BTW, Dave, I am assuming that all this research you are doing will be compensated for in your bid. You seem to be very conscientious and thorough with your preparatory research , just hope you ain't doing it for free.


----------



## Gough (Nov 24, 2010)

premierpainter said:


> Are you allowed to scrape a Lead home?
> Wouldn't think so. That might be a bigger problem than blocking half of a sidewalk


RRP is one thing; OSHA 1926.62, Lead in Construction, is something else.


----------



## Epoxy Pro (Oct 7, 2012)

Bill, I do add the time to the estimate. Weather we get the job is a different story.

I was taught to be as thorough as I can be.

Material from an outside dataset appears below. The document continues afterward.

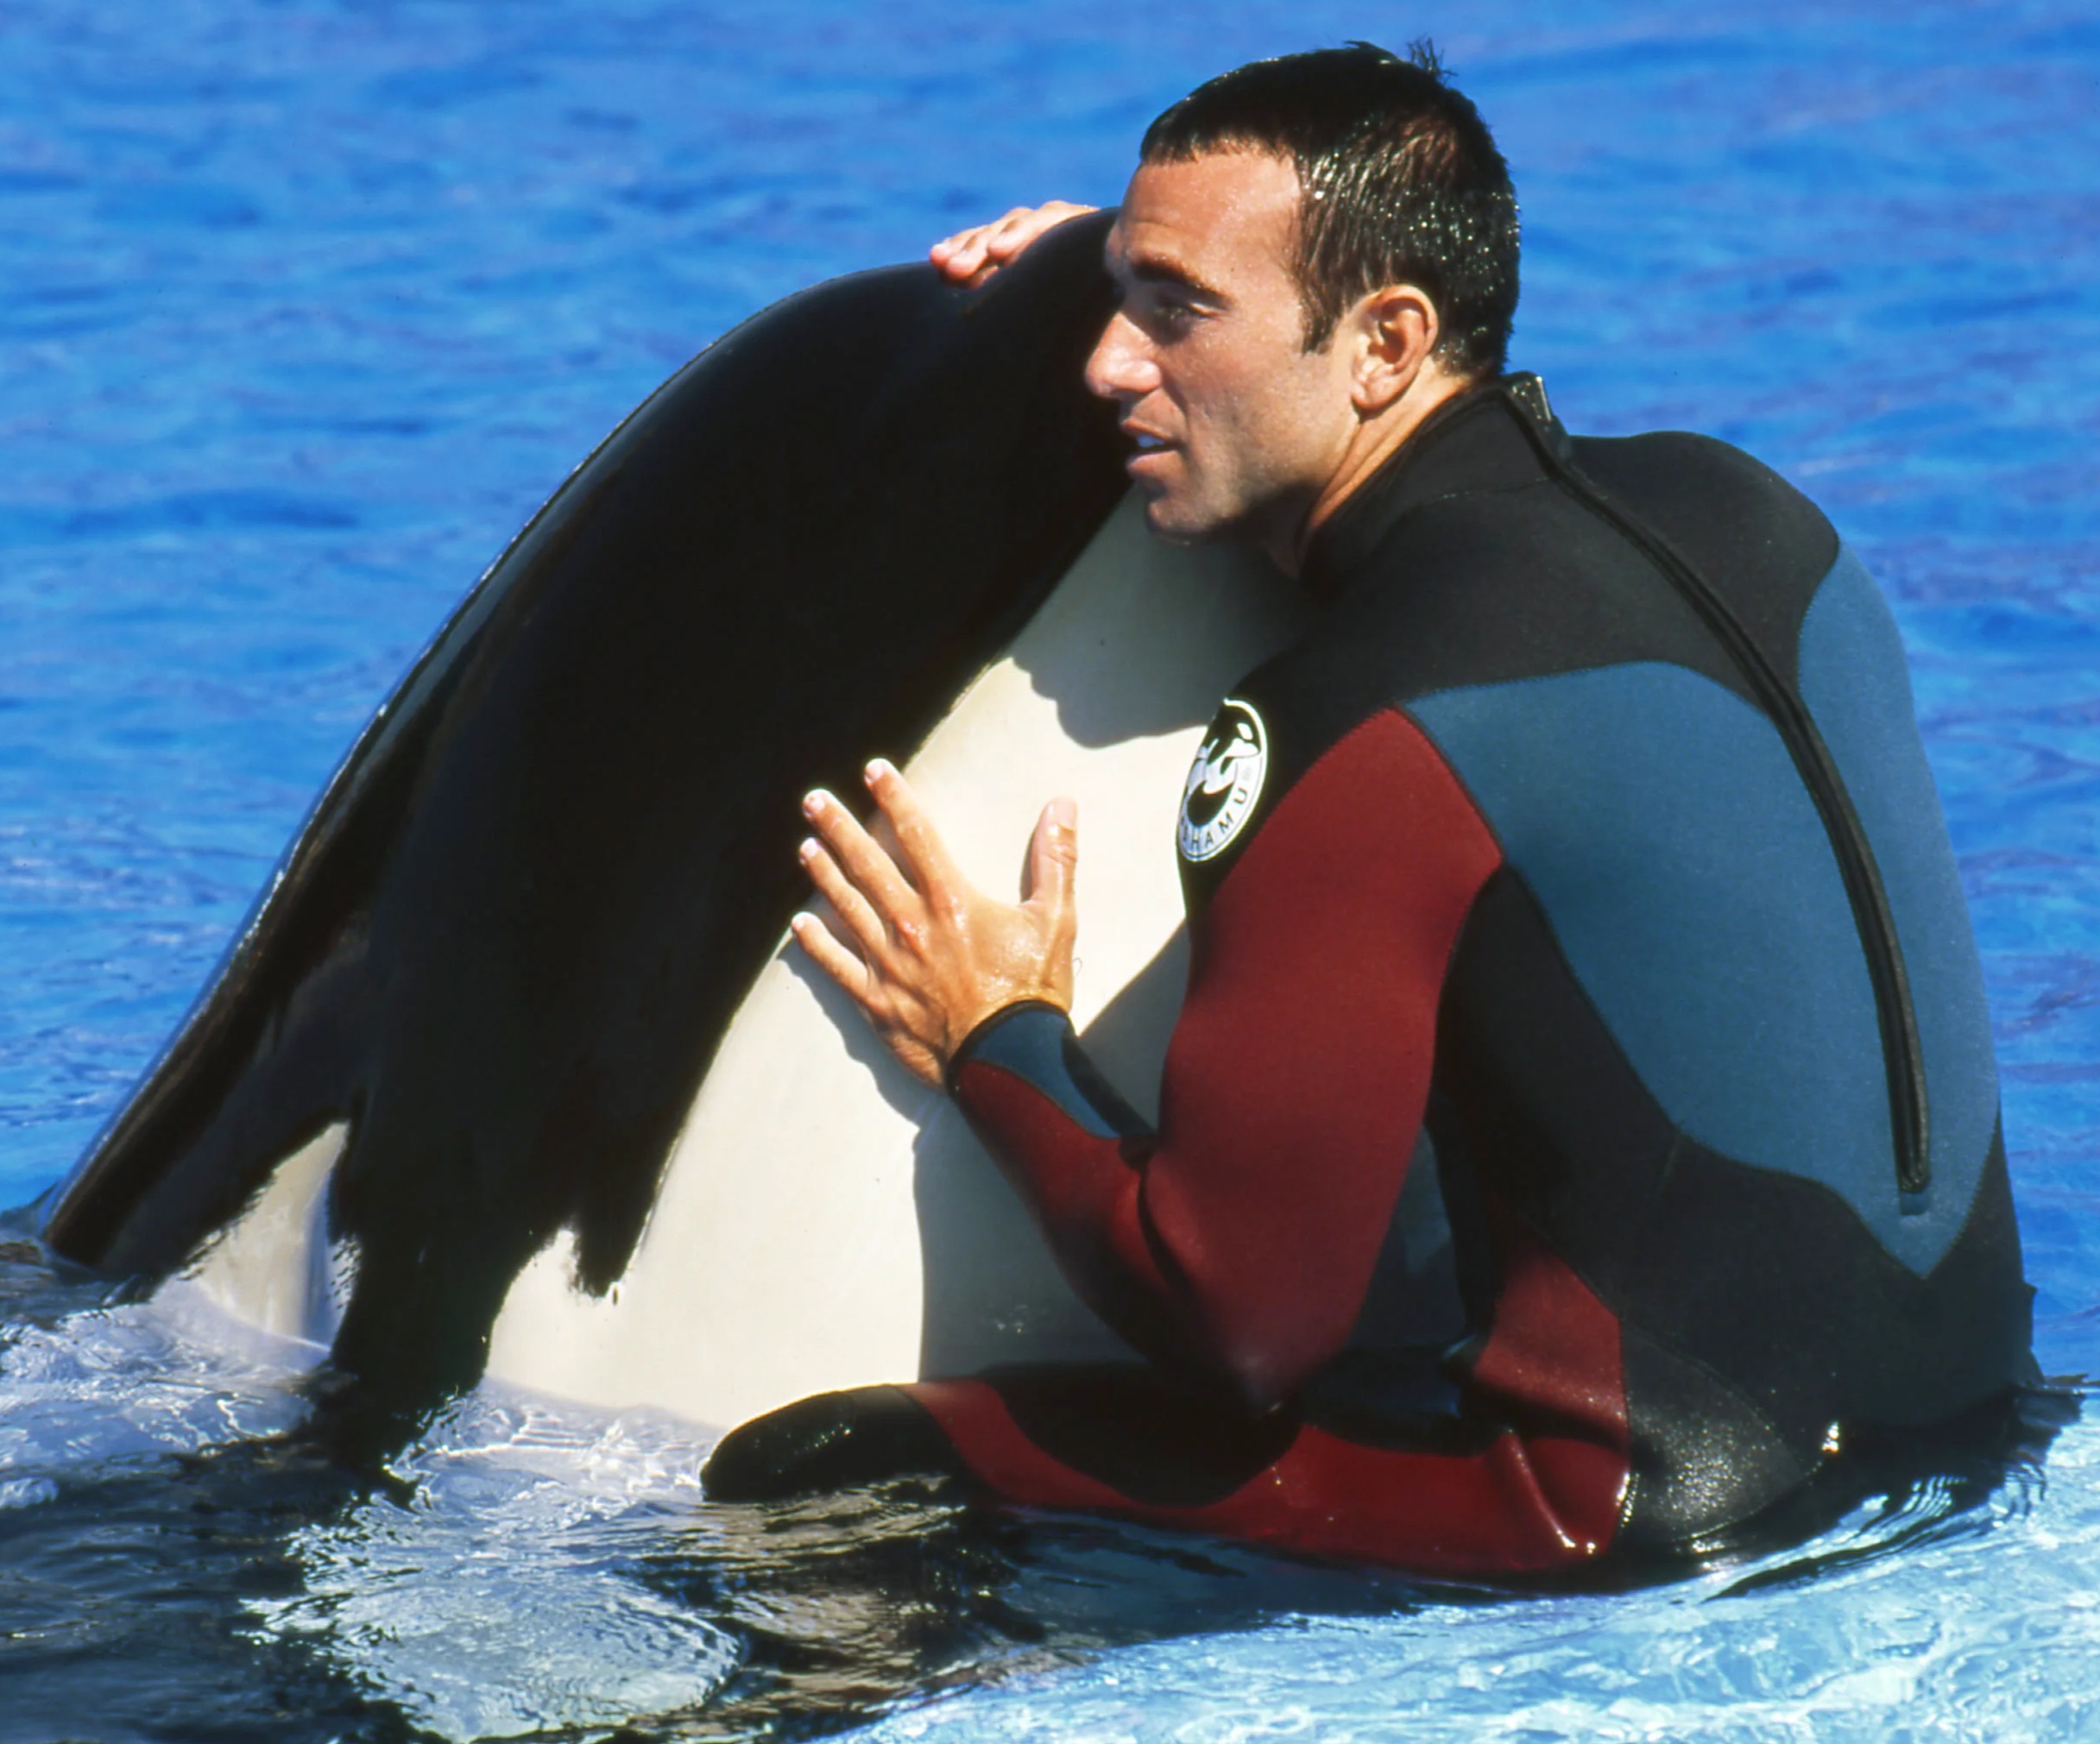 El exentrenador de SeaWorld, John Hargrove, está haciendo campaña para mejorar las condiciones de vida de las orcas en cautiverio.

If it was one house up or down we would only have to deal with closing the sidewalk and not the street. No parking zone in front makes it tricky.


----------



## daArch (Mar 15, 2008)

cdpainting said:


> Bill, I do add the time to the estimate. Weather we get the job is a different story.
> 
> I was taught to be as thorough as I can be.
> 
> If it was one house up or down we would only have to deal with closing the sidewalk and not the street. No parking zone in front makes it tricky.


I figured you would add appropriate costs to the estimate. That's one thing we need to make sure the less experienced here understand. Make sure we are compensated for all the time we spend driving our businesses.


----------



## Epoxy Pro (Oct 7, 2012)

daArch said:


> I figured you would add appropriate costs to the estimate. That's one thing we need to make sure the less experienced here understand. Make sure we are compensated for all the time we spend driving our businesses.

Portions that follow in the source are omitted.